Archived-At: <https://mailarchive.ietf.org/arch/msg/core/asz9NgDTEaXduHdq2rz4zErkpws>
Subject: Re: [core] Review of draft-ietf-core-fasor-01
X-BeenThere: core@ietf.org
X-Mailman-Version: 2.1.39
Precedence: list
List-Id: "Constrained RESTful Environments \(CoRE\) Working Group list" <core.ietf.org>
List-Unsubscribe: <https://www.ietf.org/mailman/options/core>, <mailto:core-request@ietf.org?subject=unsubscribe>
List-Archive: <https://mailarchive.ietf.org/arch/browse/core/>
List-Post: <mailto:core@ietf.org>
List-Help: <mailto:core-request@ietf.org?subject=help>
List-Subscribe: <https://www.ietf.org/mailman/listinfo/core>, <mailto:core-request@ietf.org?subject=subscribe>
X-List-Received-Date: Sun, 01 Oct 2023 11:51:36 -0000

Dear Markku,

First of all, my apologies for the long delay in this response.

Thank you for taking my comments into consideration.

Please find below my inline responses:

On Thu, 16 Mar 2023 at 11:53, Markku Kojo <kojo@cs.helsinki.fi> wrote:

> Dear Carles,
>
> thank you very much for your thorough review. It is much appreciated and
> useful, although this reply comes so very late as the draft has been
> dormant for so long for various reasons. Apologies for that.
>
>
I am happy that my comments have been helpful, and no worries regarding the
delay (I have also been quite blocked recently).

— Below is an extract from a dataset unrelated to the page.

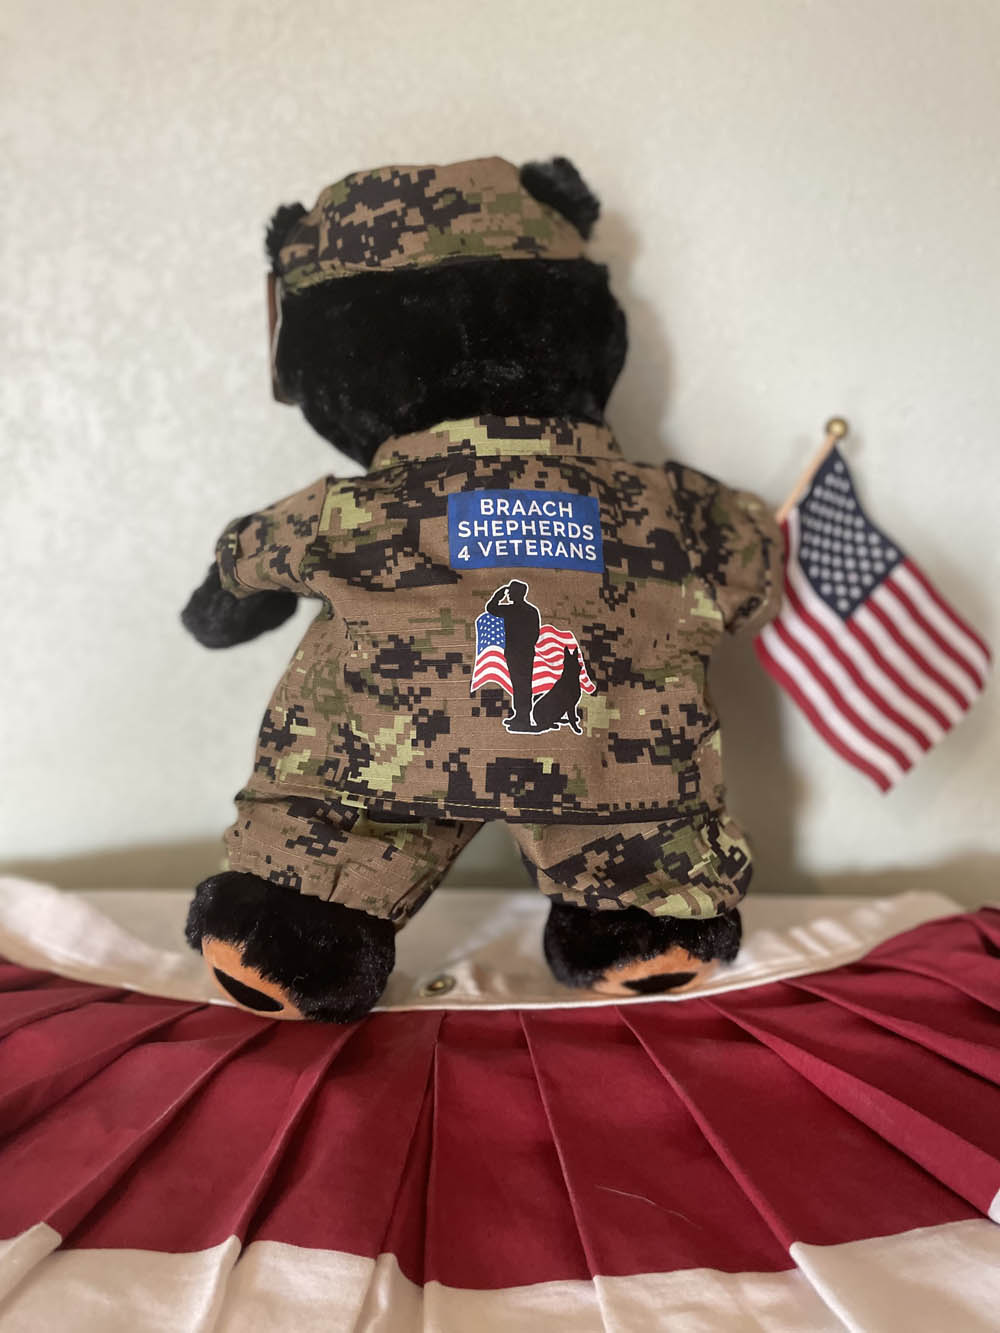 Stuffed Soldier Teddy Bear - Braach Shepherds 4 Veterans

> We believe we have addressed most of the suggestions in -02. In the few
> cases where we possibly did not (fully) address the suggestions we hope
> our answers and clarifications make sense and we may agree on how to
> address those cases (or if they need not to be addressed).
>
>
In my opinion, my comments have been well addressed, perhaps with only a
few pending/additional minor points, as shown below (absence of a comment
or a response means that I agree or no further action is requested from my
side).


> Please see inline some comments and answers.
>
> On Sun, 7 Feb 2021, Carles Gomez Montenegro wrote:
>
> > Dear FASOR authors,
> >
> > First of all, my apologies for providing you with this review later than
> I
> > expected. I hope it is not too late, considering that the cutoff date is
> > quickly approaching!
> >
> > Thank you for the document. Please find below a number of comments and
> > suggestions:
> >
> > - Section 1, first paragraph: "Both default RTO mechanism for CoAP
> > [RFC7252] and CoCoA [I-D.ietf-core-cocoa] have issues in dealing with
> > unnecessary retransmissions". CoCoA is still work in progress, and there
> > are ideas on the table to improve it. Perhaps some different phrasing
> (for
> > the sentence  I highlighted here) might better support future updates of
> > CoCoA.
>
> Fair enough. Would it be better now when changed to:
>
>   "Both default RTO mechanism for CoAP [RFC7252] and the latest
>    version of CoCoA [I-D.ietf-core-cocoa] have issues in dealing
>    with unnecessary retransmissions"
>
> In order to make the text compatible with possible future versions of
CoCoA, I'd suggest something along the lines of:

NEW:
       "Both default RTO mechanism for CoAP [RFC7252] and the current
        version (i.e., as of the writing, -03) of CoCoA
[I-D.ietf-core-cocoa] have issues in dealing
        with unnecessary retransmissions"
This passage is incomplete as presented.